Bild von armennano auf Pixabay
Wer die letzten Wochen mehr oder weniger beobachtend die sozialen Medien genutzt hat, stellt fest, dass der Trend, die Dinge nur noch Schwarz Weiß dazustellen, zunimmt. Der Wandel dabei: Schwarz oder Weiß sind inzwischen Positionen geworden, welche gelebt werden. ICH bin schwarz oder weiß  und muss das täglich beweisen. Oder: Ich stehe im Krieg und muss den Gegner herausfordern. Täglich. Mit denselben Posts.  


Beispiel Corona 

Der kleinste gemeinsame Nenner lautet: "Ich bin dagegen" und "danke Merkel".  Darauf reduziert  wird Krach gemacht, werden derbe Sprüche losgelassen,  entwickelt sich ein Volkssport im Wettbewerb um den giftigsten Beitrag oder Tweet.  Es reichen Facebook und Twitter.  Inzwischen ist es offenbar zu mühsam, differenziert darzustellen, wo die Bundesregierung oder einzelne Ministerien  versagen und was in die politische Verantwortung der Länder geht. Nein: Jede Bürgerin, jeder Bürger ist Virologe, Facharzt , Politiker (oder hat zumindest alle diese Leute im engsten Bekanntenkreis und deswegen berechtigt, jeden Unsinn ins Netz zu setzen), weiß deswegen besser Bescheid als alle eigentlich Zuständigen, obwohl sich deren Prognosen regelmäßig bestätigen.  Oppositionspolitiker nicht ausgenommen. 

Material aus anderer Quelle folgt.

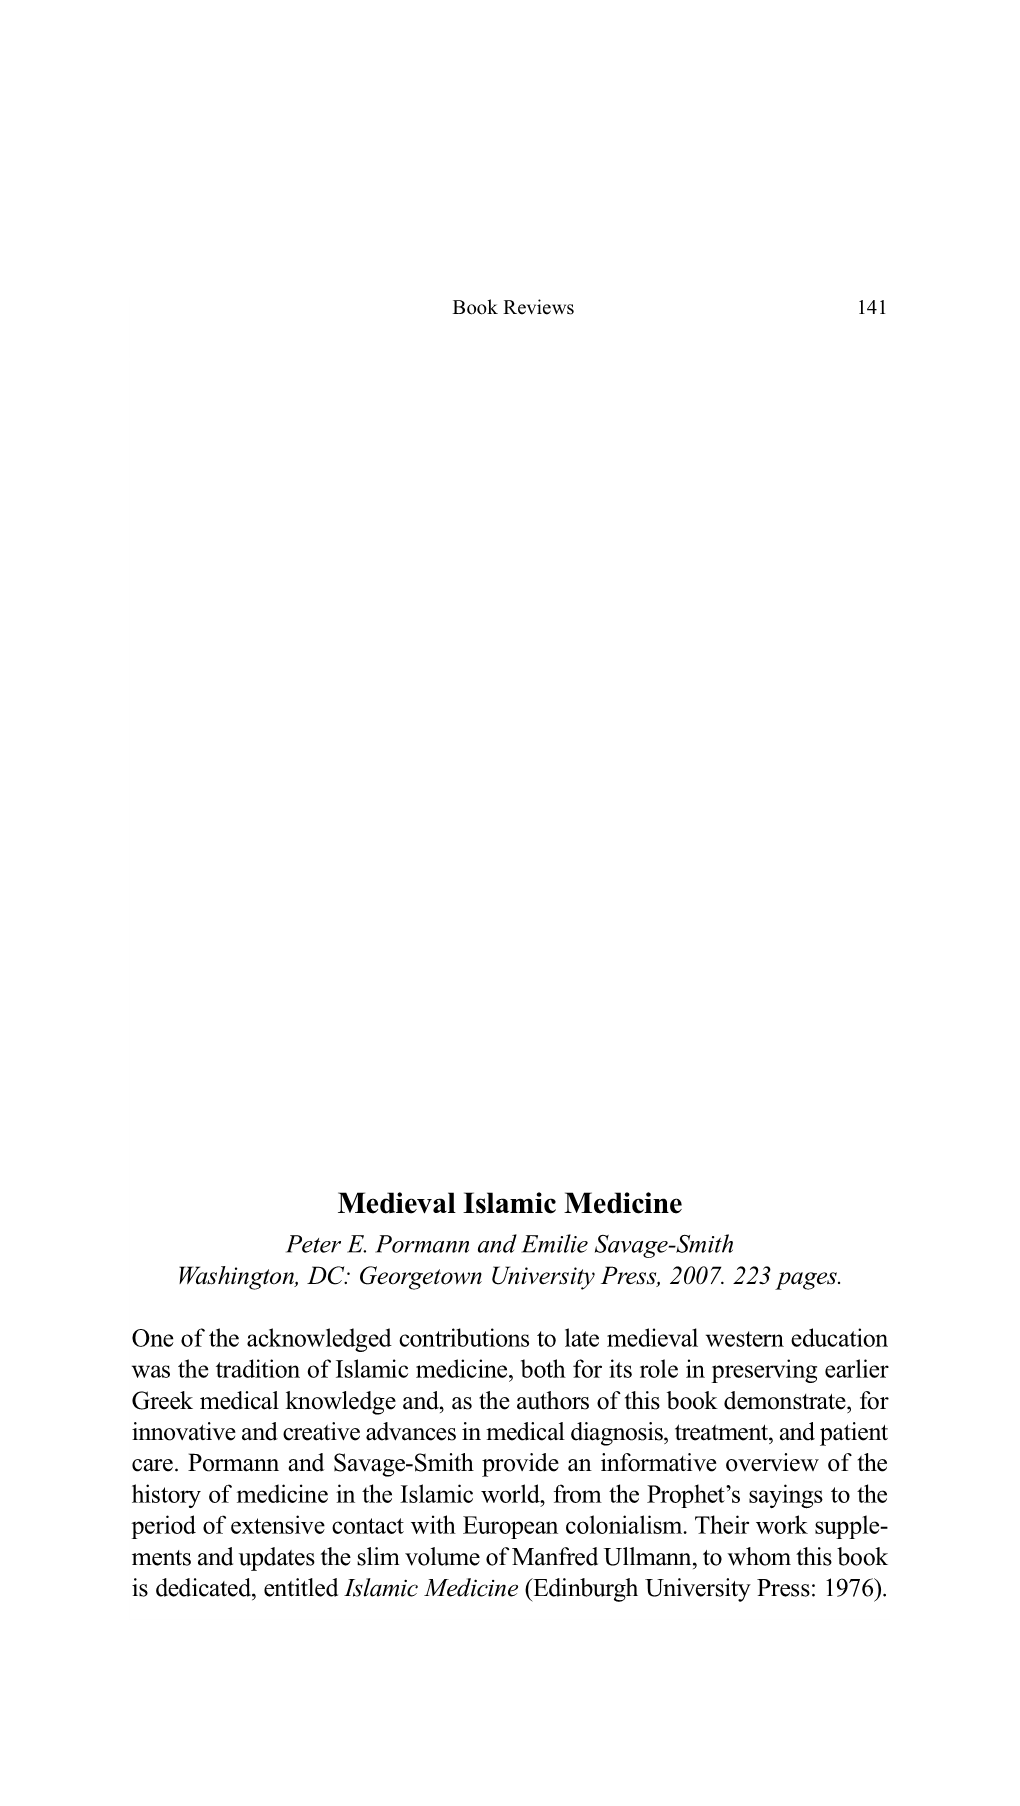 Medieval Islamic Medicine Peter E

Dass die AfD alternativlos gegen alles ist, kennen wir inzwischen zur Genüge. Sie bedient dieses Schwarz-Weiß bis weit in die Querdenker-Szene hinein, wonach nicht sein darf, was ist.  Dass aber eine FDP mit Lindner an der Spitze seit Wochen zu jedem Corona-Thema völlig plump genau dieselbe Stimmung schürt, muss man hervorheben. Man kriegt den Eindruck, irgendwelche Häscher in CL's Diensten seien auf Journalistenfang und schleppten diese heran. Die ewige Leier vom Versagen der Bundesregierung, endlich müsse durchgeimpft werden, gefährdete Gruppen geschützt werden, gleichzeitig aber Kontaktsperren geißeln, das alles ist nur noch populistisch. Das klingt wie: Wir wollen, dass ab nächster Woche die Lehrerversorgung an Deutschlands Schulen 105% beträgt. Was nicht da ist, ist nicht da und so lange müssen wir unten durch, auch Lindner. 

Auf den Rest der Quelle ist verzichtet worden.